On Thu, 2009-10-29 at 09:47 +0200, Peter Eisentraut wrote: > On Wed, 2009-10-28 at 12:51 -0700, Jeff Davis wrote: > > Trying to develop and document a set of standardized, stable hash > > functions covering a wide range of possible use cases sounds like it may > > be better served by an extension. > > I suspect that some of the participants in this thread have PL/Proxy in > mind. Yes, I think that pl/proxy is the prime example of such use. > PL/Proxy should probably ship its own set of hash functions. Or maybe we could just extract the hashes form some version of stock postgresql (say 8.3) and then make those available in contrib under the name "stable_hashes" ? > If we ever get built-in partitioning by hash (see thread nearby and most > previous ones like it), we should also think about providing a hash > function that doesn't change output over versions and is independent of > hash index implementation concerns.
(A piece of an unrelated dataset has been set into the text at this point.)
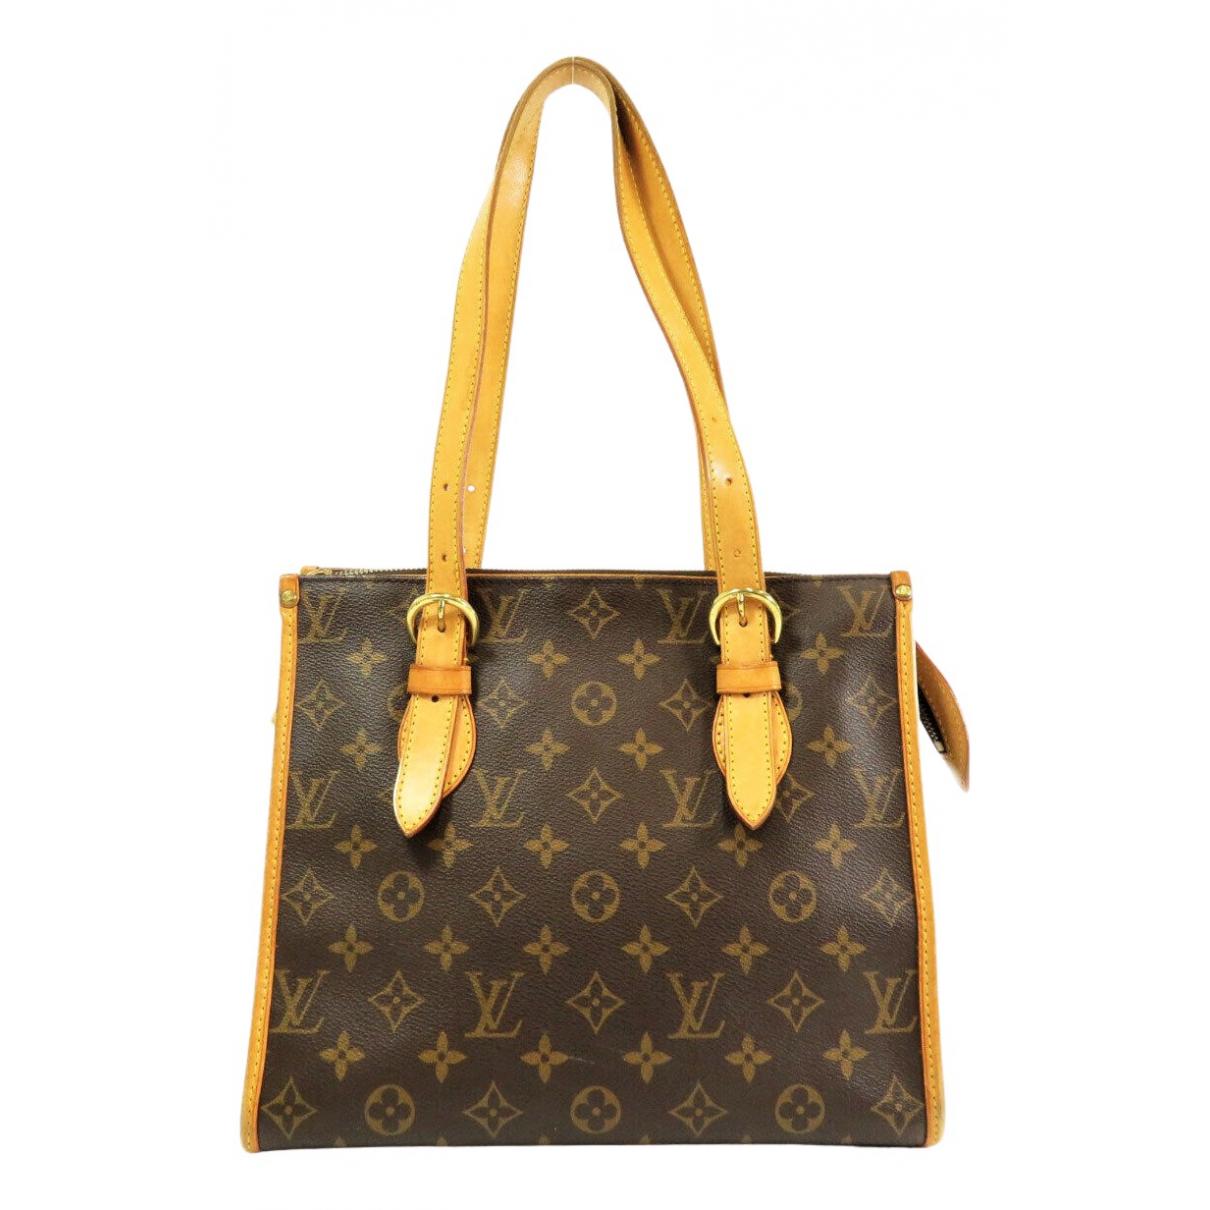 Louis Vuitton - Sac a main Popincourt pour femme en toile - marron

And maybe even documented ;) -- Hannu Krosing http://www.2ndQuadrant.com PostgreSQL Scalability and Availability Services, Consulting and Training
Hannu Krosing <hannu@2ndQuadrant.com> writes: > Or maybe we could just extract the hashes form some version of stock > postgresql (say 8.3) and then make those available in contrib under the > name "stable_hashes" ? A better name would be "wishful_thinking" ... contrib does not have control over some of the main risk factors, such as changes to the internal representation of datatypes. regards, tom lane
On Thu, 2009-10-29 at 09:32 -0400, Tom Lane wrote: > Hannu Krosing <hannu@2ndQuadrant.com> writes: > > Or maybe we could just extract the hashes form some version of stock > > postgresql (say 8.3) and then make those available in contrib under the > > name "stable_hashes" ? > > A better name would be "wishful_thinking" ... contrib does not have > control over some of the main risk factors, such as changes to the > internal representation of datatypes. Good point. But the internal layout of data types popular for use as hash key changes rarely. The hash function change, however, is a showstopper for everyone concerned.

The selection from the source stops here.